Everyone just wants the massive blog readership or the Twitter following, but couldn’t care less about the content required to generate such traffic.   Sometimes, when the desired outcome can’t be achieved with lackluster efforts, many try to lower the bar.  Currently, there’s an effort in Virginia Beach to relax the public school grading scale from 7 point to 10 point.  Parents think this will even the playing field with other school systems that have switched to a 10 point scale, but it’s really just lowering the standards.  Parents want their kid to get in to his or her college of choice and to do it by studying less.  Also along these lines, a state representive recently proposed that more in state students should be accepted to Virginia public universities because a constituent complained that the acceptance standards were too tough and he didn’t get in.  I’m guessing that this “constituent” was probably the representative’s kid.  What is the real secret to getting in to your college of choice?  It isn’t done by getting easier As or by pushing out extremely well qualified out of state students.  Work harder, and anything can happen.

It’s pretty bad that so many people give up when they realize some effort is involved.  It’s worse when people lower their standards of success when their current efforts are clearly lacking.  Believe it or not, there are even worse characters out there that will do anything to get instant gratification: cheaters.  Instead of working hard for ten months researching state-of-the-art, tweaking out a system design, implementing the design, testing the design against existing works, and finally writing and submitting a research paper, some people are willing to cheat.  A recent study reports that an astounding  2% of researchers fake their results.  In a similar instance, some colleges are willing to fudge the statistics to improve their rankings.  They play with class sizes and give peer institutions poor reviews to improve their standing.  Instead of improving the school in an honest way, taking the time to hire more and better qualified faculty, increasing employee pay, and attracting better students, Clemson faked its way up 16 places in U.S. News reviews.

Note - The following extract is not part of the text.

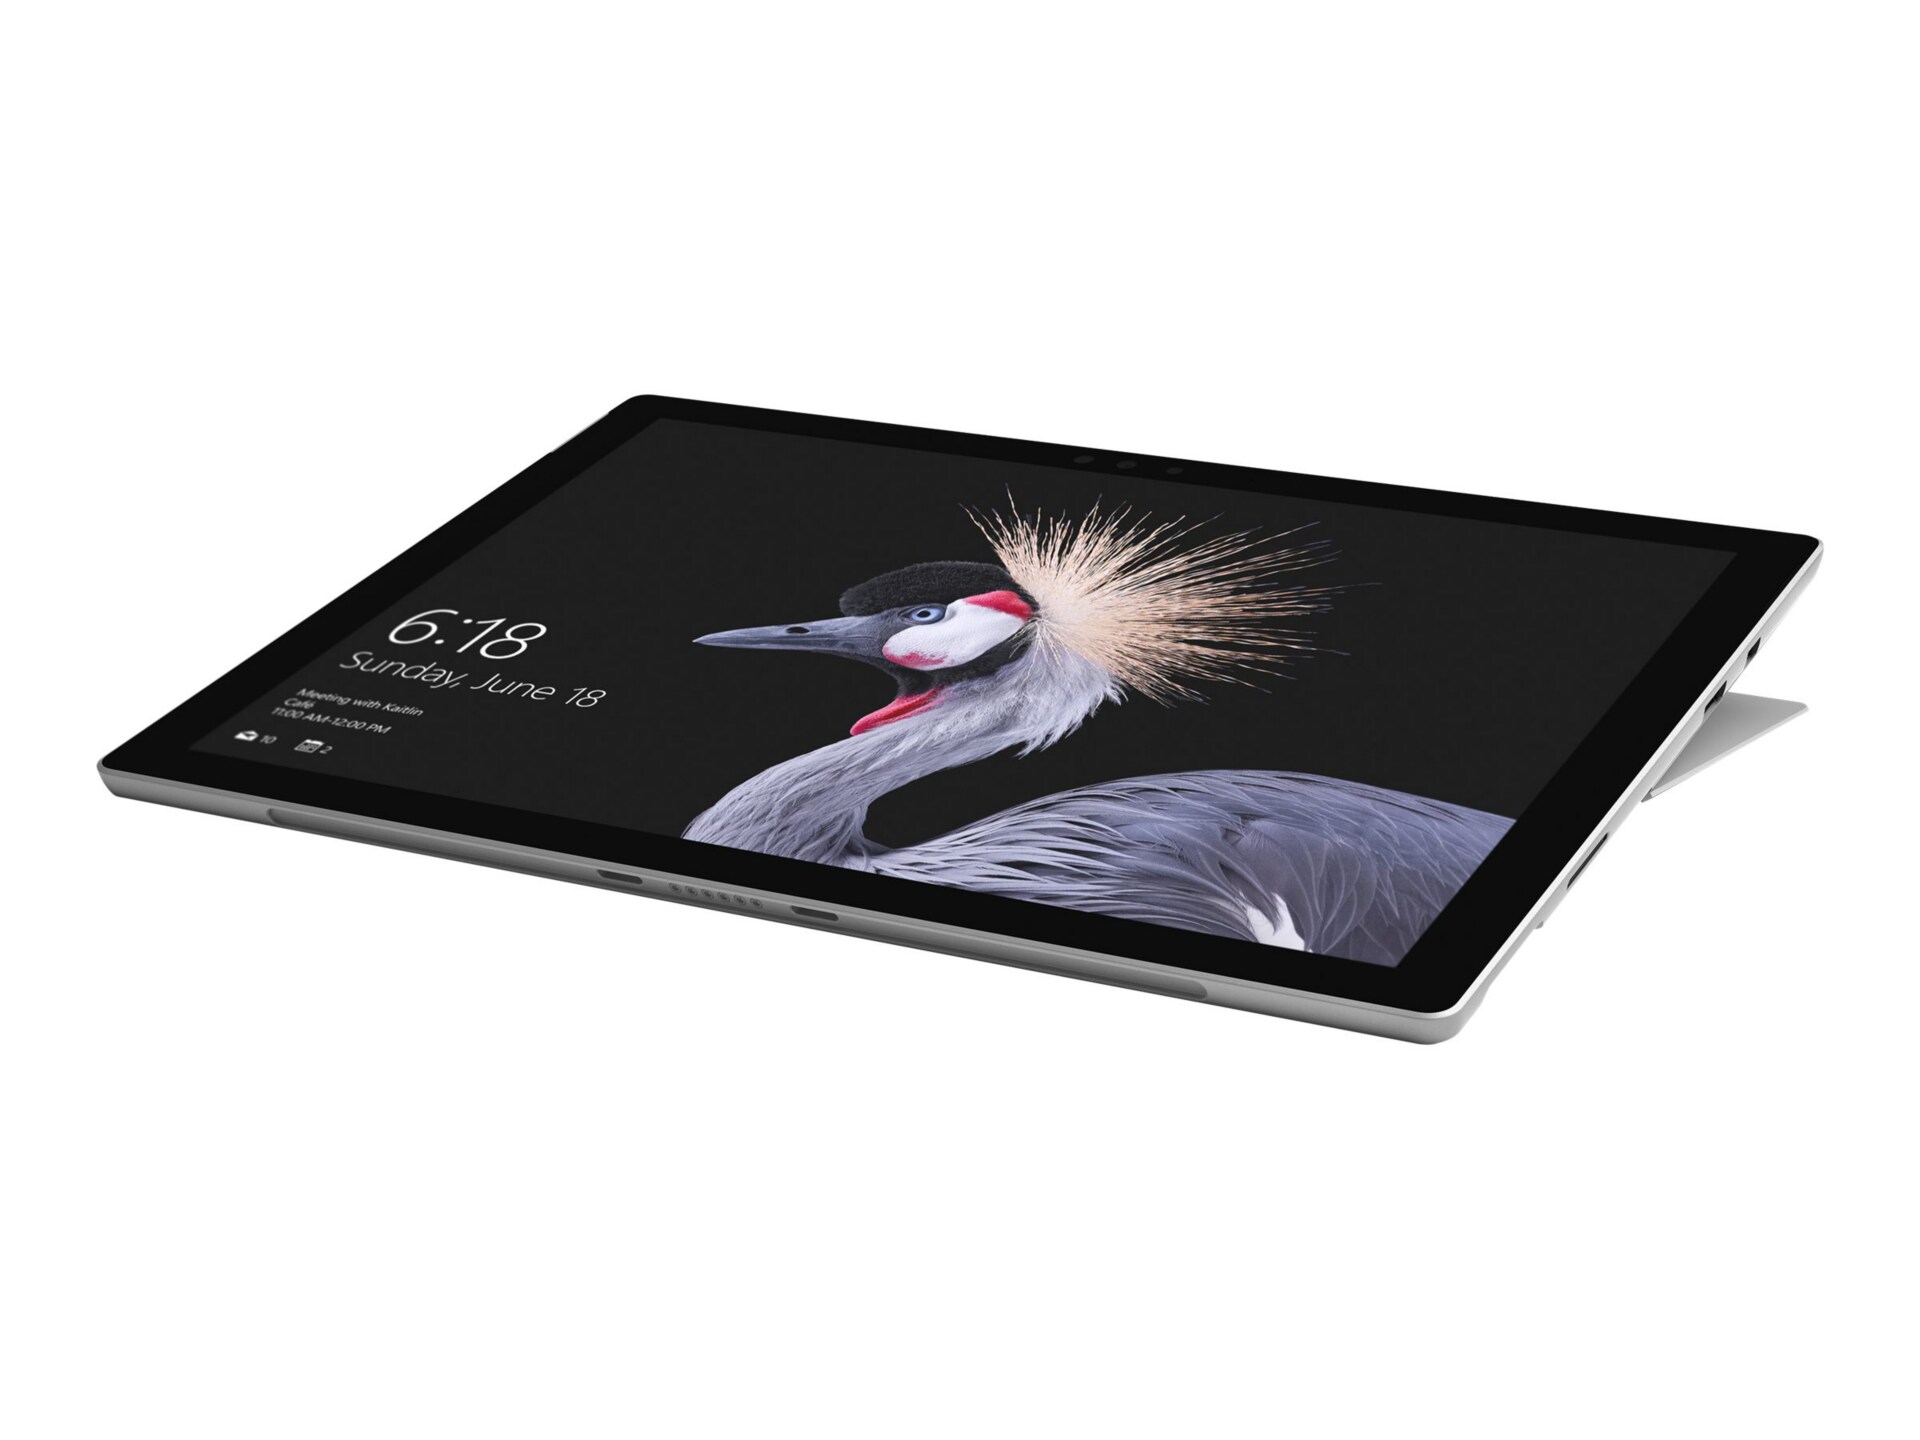 Microsoft Surface Pro - 12.3" - Core m3 7Y30 - 4 GB RAM - 128 GB SSD

What is the real solution to this lack of motivation?  How can more people motivate themselves to post regularly on their blog?  How can people stick with something and work hard enough to achieve just rewards?  Some slick researchers tried paying students for earning good grades.  This approach improved state test scores by nearly 40 percentage points.  Did money provide the motivation for these students to work harder and longer on their math problems and not give up?  Apparently.  Proponents of this system argue that the “real world” functions much in this way: perform better and get paid more.  But money can’t be added as an outcome in every scenario.  How many blogs or Twitter accounts are raking in the dough?  Almost zero, I would guess.  Instead, people need intrinsic motivation to produce results over the long term.  I don’t write this post because I envision piles of Internet surfers reading and commenting on this.  I do it because there’s satisfaction in organizing my thoughts and ideas and writing them down.  I don’t care that nobody else will read this, but if someone else finds it interesting, then more power to them.

Aside from writing these inane blog posts, it is intrinsic motivation that keeps me working on long research projects.  It’s what gets me up in the morning with the hope that I’ll be able to run normally again after knee surgery.  I run slow, go out every other day,  only go ten minutes, and feel terrible, but I know if I do it enough I’ll be able to run faster and longer.  By keeping at it and going one step at a time, things will get done.